There are concerns over the rise of trade agreements in the Asia-Pacific by U.S. competitors that could greatly affect its interests. The TPP is seen by many as a key component of America's trade strategy for further engagement in the region. A U.S. government fact sheet describes the TPP as a, "potential platform for economic integration across the Asia Pacific region. The United States will engage with an initial group of seven like-minded countries, Singapore, Chile, New Zealand, Brunei, Australia, Peru, and Vietnam, to craft a platform for a high-standard, comprehensive agreement - one that reflects U.S. priorities and values - with these and additional Asia-Pacific partners." The TPP is open to other countries with Canada, Malaysia and the Philippines, among some of the nations that have shown interest in joining. It has been suggested that the U.S. may want the current eight partnership countries to reach an initial high-quality agreement before bringing others into the pact. In an effort to play a more dominant role, the TPP could be a means to address long-standing U.S. economic interests in Asia and be used to counter increasing Chinese trade in the region.

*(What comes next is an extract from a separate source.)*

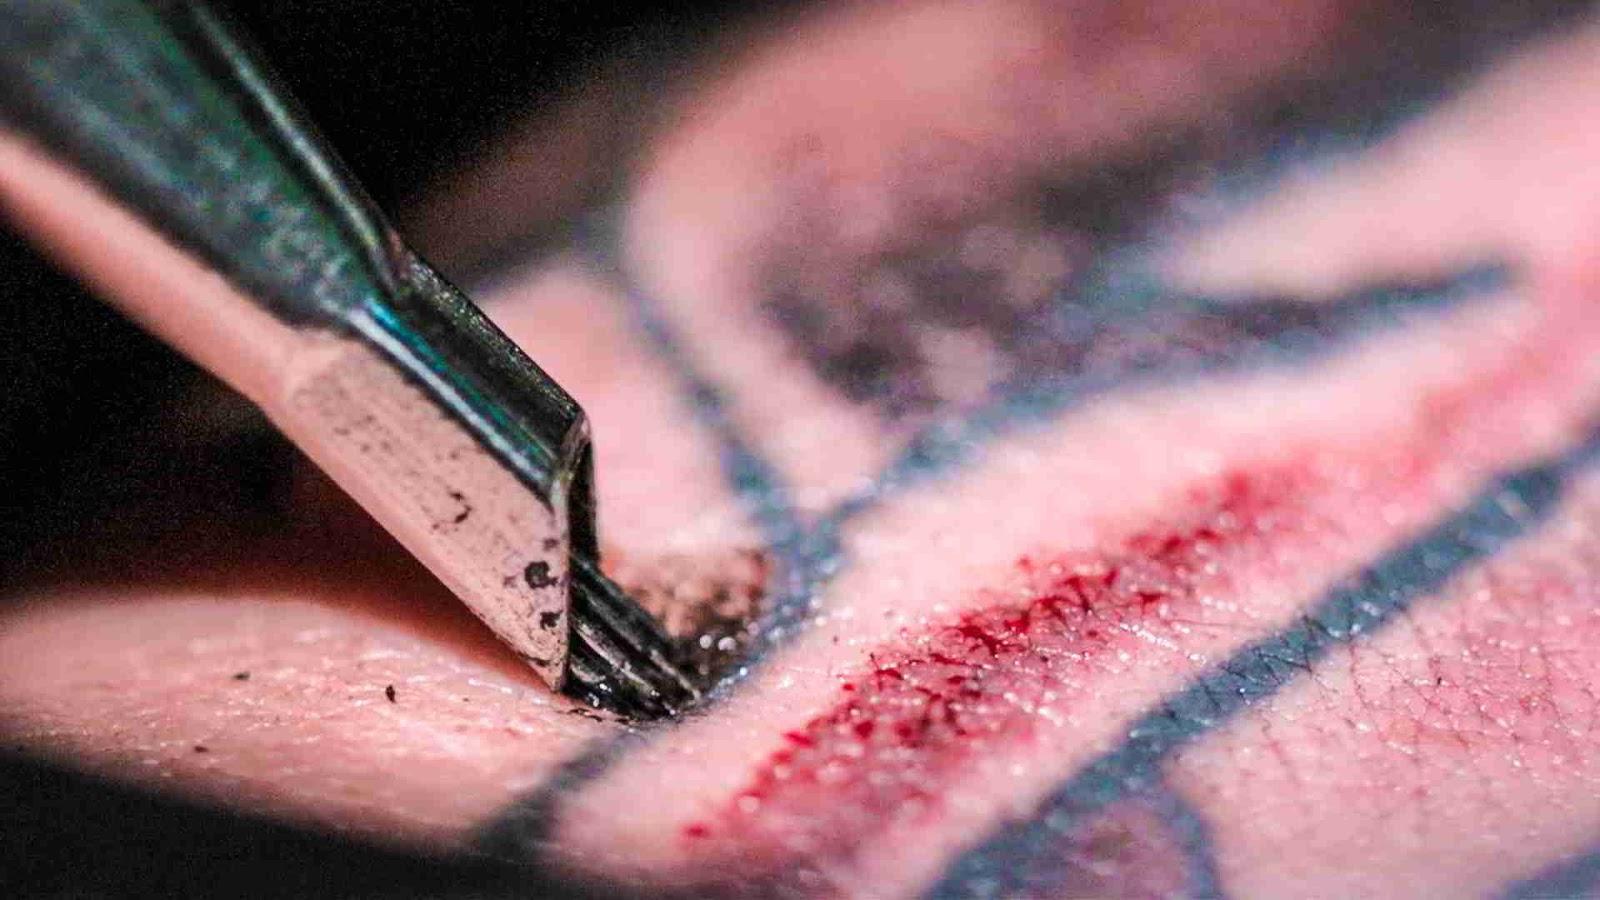 primer plano de una aguja de tatuaje penetrando en la piel

In his article Obama Pledges U.S. Entry Into Pacific Trade Deal, Jim Capo characterized the true nature of the TPP and just how it relates to a world government system. He concluded that, "The Trans-Pacific Partnership Agreement is the sister agreement to the Trans-Atlantic Agenda. Together with NAFTA and the North American Leaders Summit (new name for the discredited SPP), these deals are building blocks for an integrated system of global governance managed by Western financial interests and their collaborators around the world." Some remain hopeful that the TPP will be the beginning of a new U.S. trade model, but there are fears that it could be another NAFTA. A recent letter to U.S. Trade Representative Ron Kirk signed by a number of activist groups is asking that any negotiated TPP restrict intellectual property provisions. In addition, they are urging that accession or adherence to the Anti-Counterfeiting Trade Agreement (ACTA) not be a requirement of the deal. If things are to change, the TPP will also need to include strong environmental and labour protections and exclude harmful NAFTA invest-to-state lawsuit provisions, as well as financial service deregulation.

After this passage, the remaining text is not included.